◆ **Goal of the exercise**: With pictures removed, print the listing exactly.

:: Material provided ::

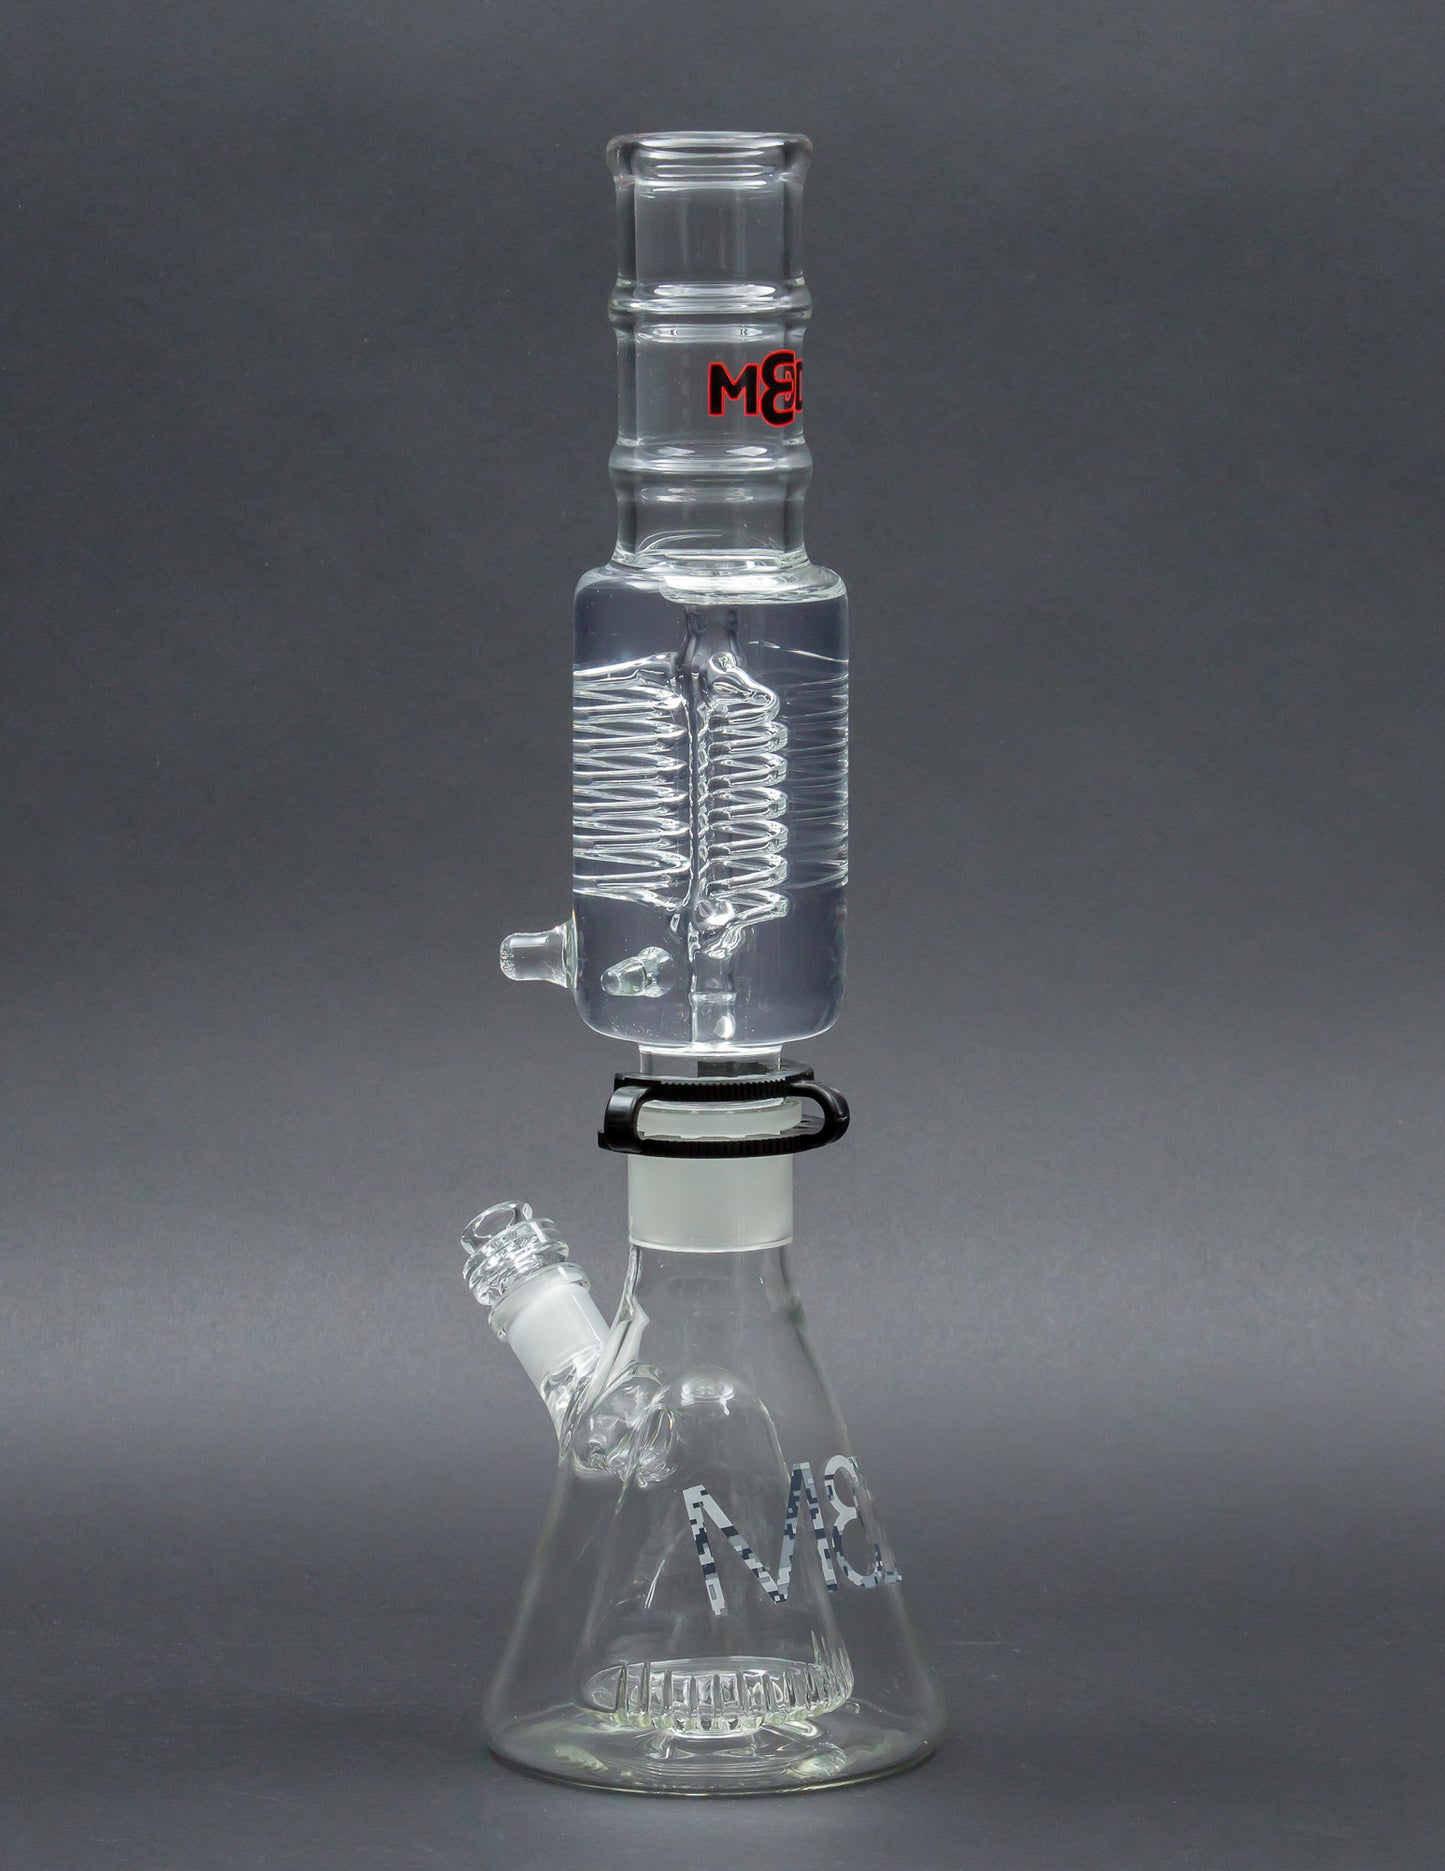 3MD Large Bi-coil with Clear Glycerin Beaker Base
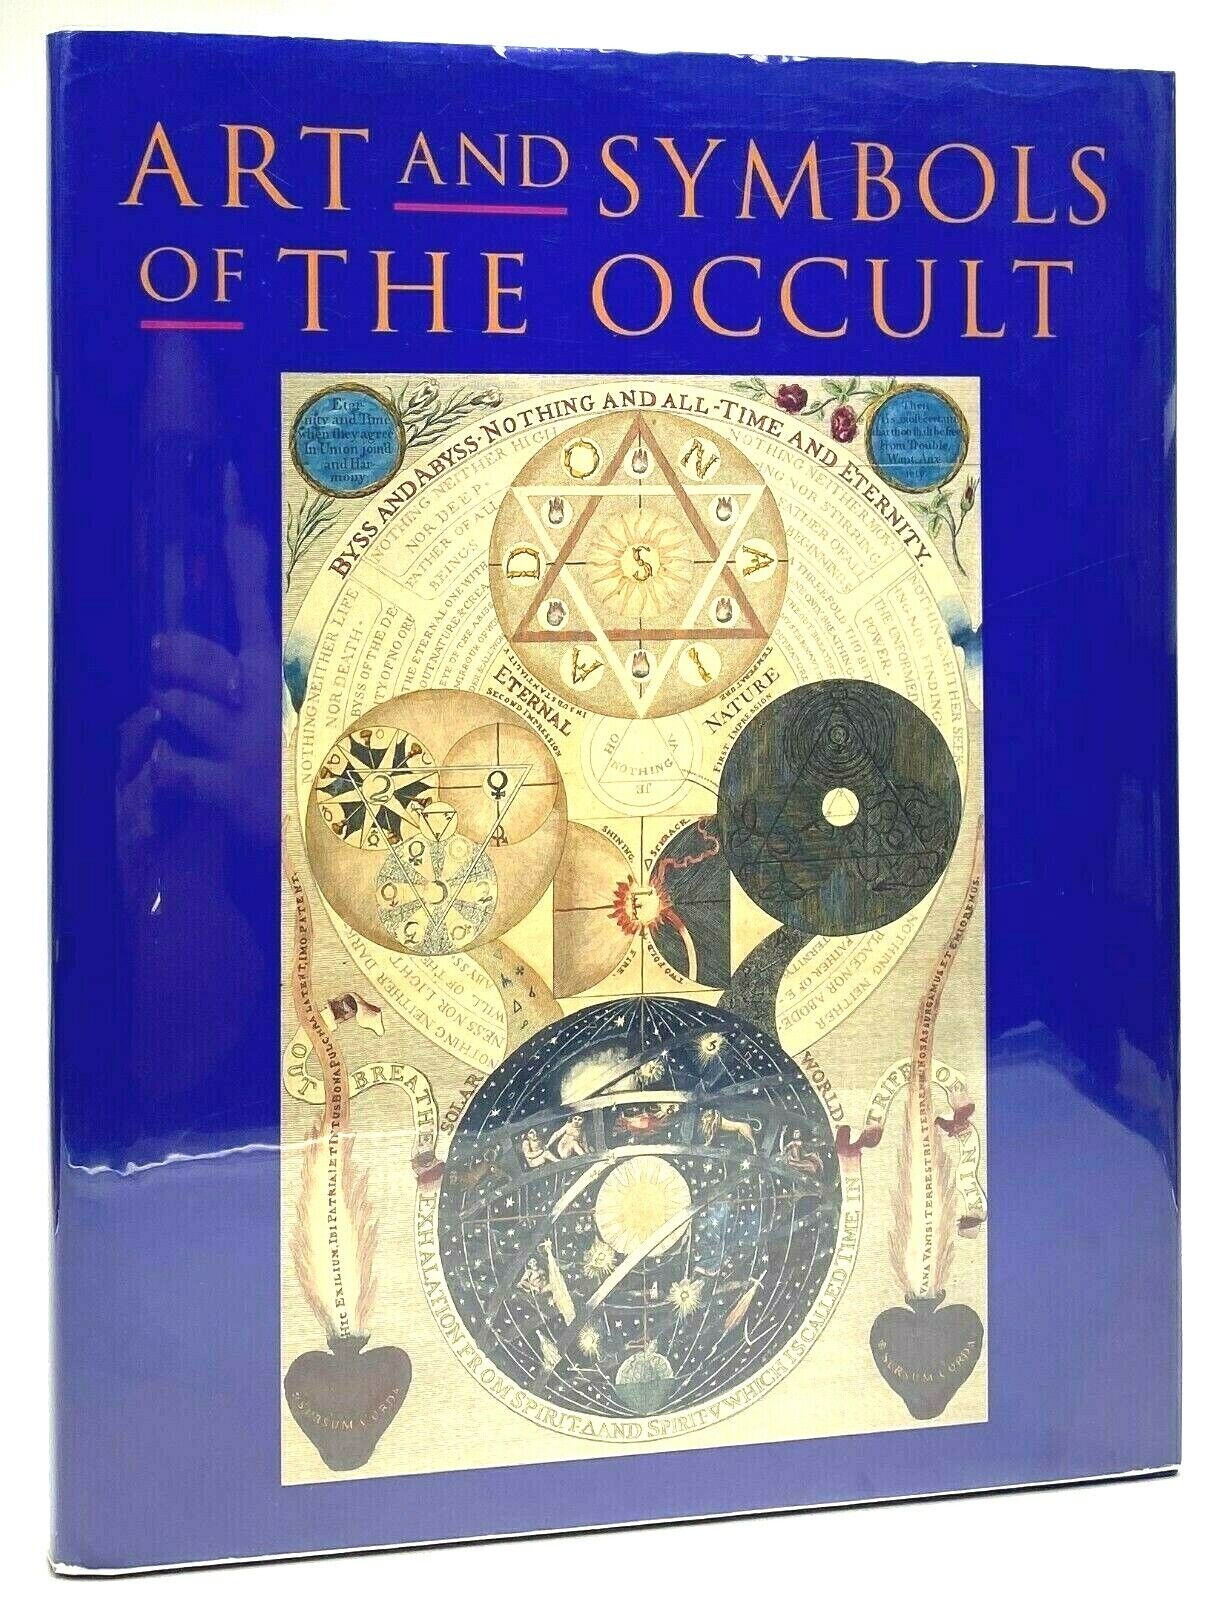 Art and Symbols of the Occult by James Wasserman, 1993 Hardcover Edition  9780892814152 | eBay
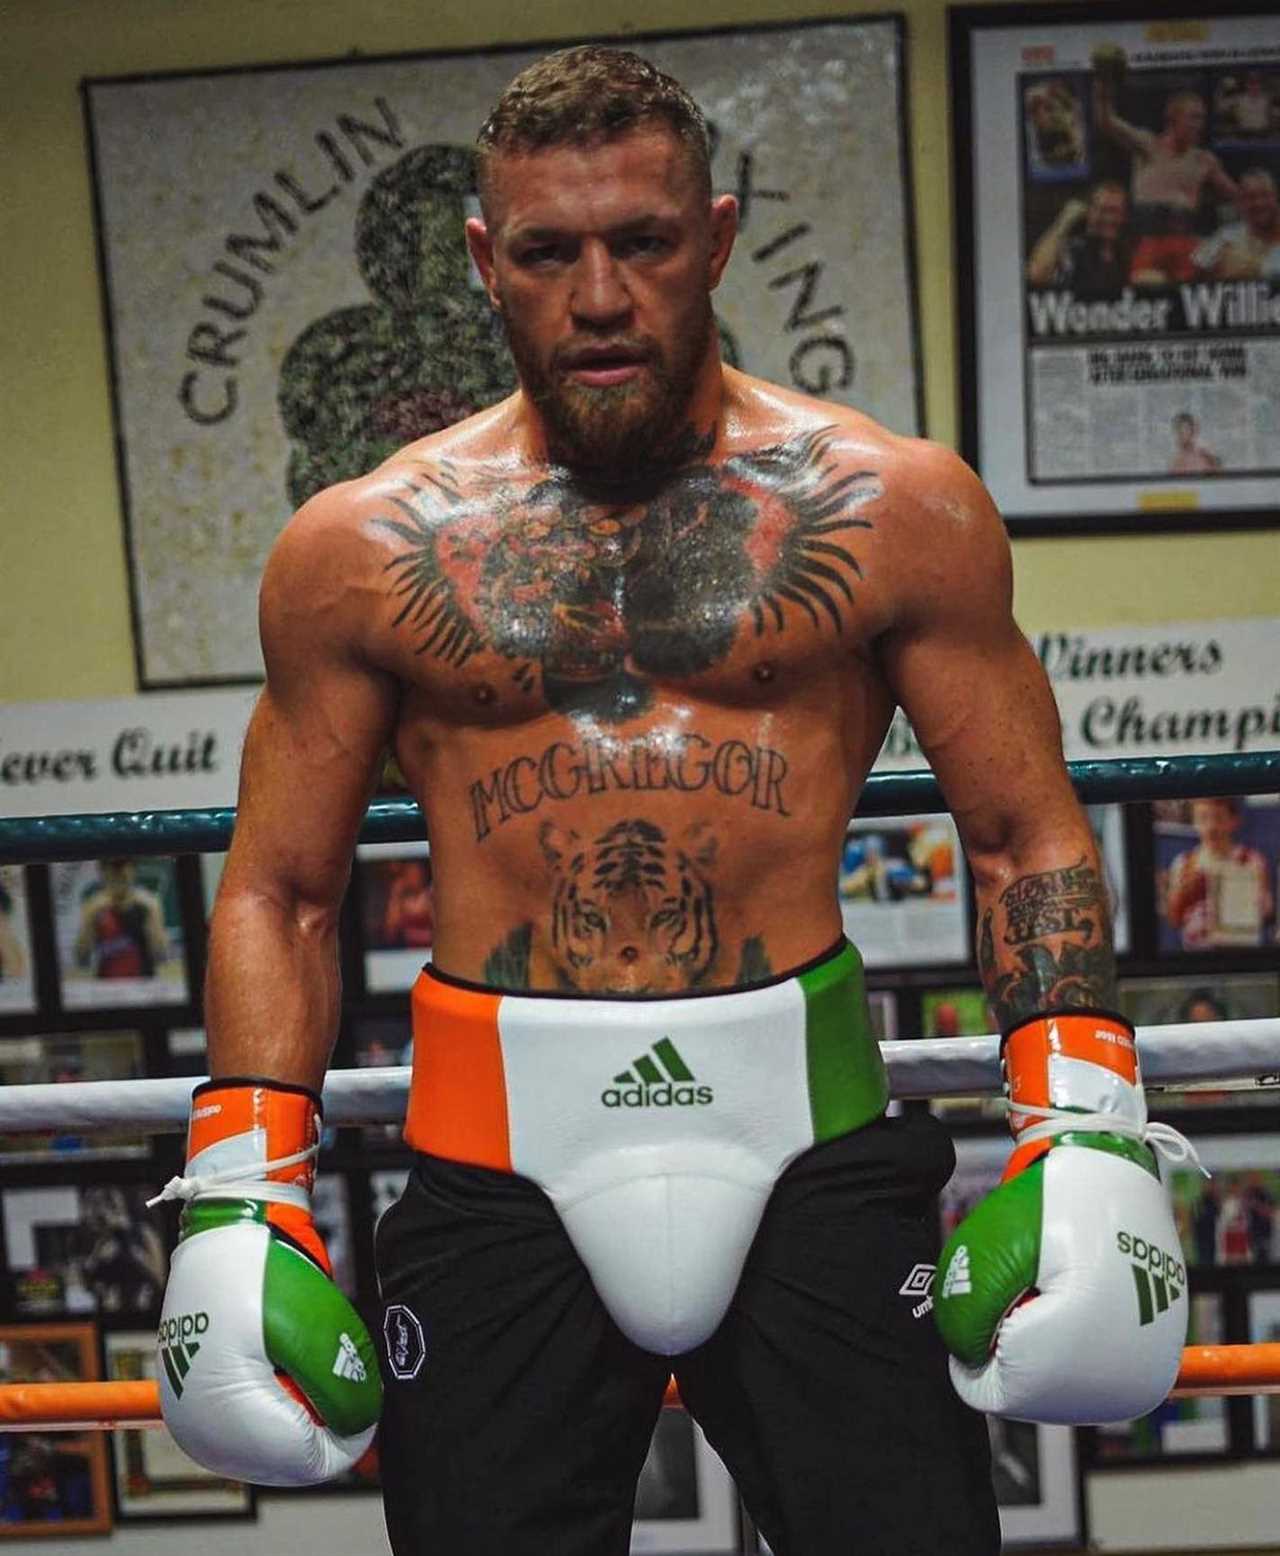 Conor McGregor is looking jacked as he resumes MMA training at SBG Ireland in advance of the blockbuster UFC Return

:::

◆ **Solution for this problem**:
 3MD Large Bi-coil with Clear Glycerin Beaker Base
 Art and Symbols of the Occult by James Wasserman, 1993 Hardcover Edition  9780892814152 | eBay
 Conor McGregor is looking jacked as he resumes MMA training at SBG Ireland in advance of the blockbuster UFC Return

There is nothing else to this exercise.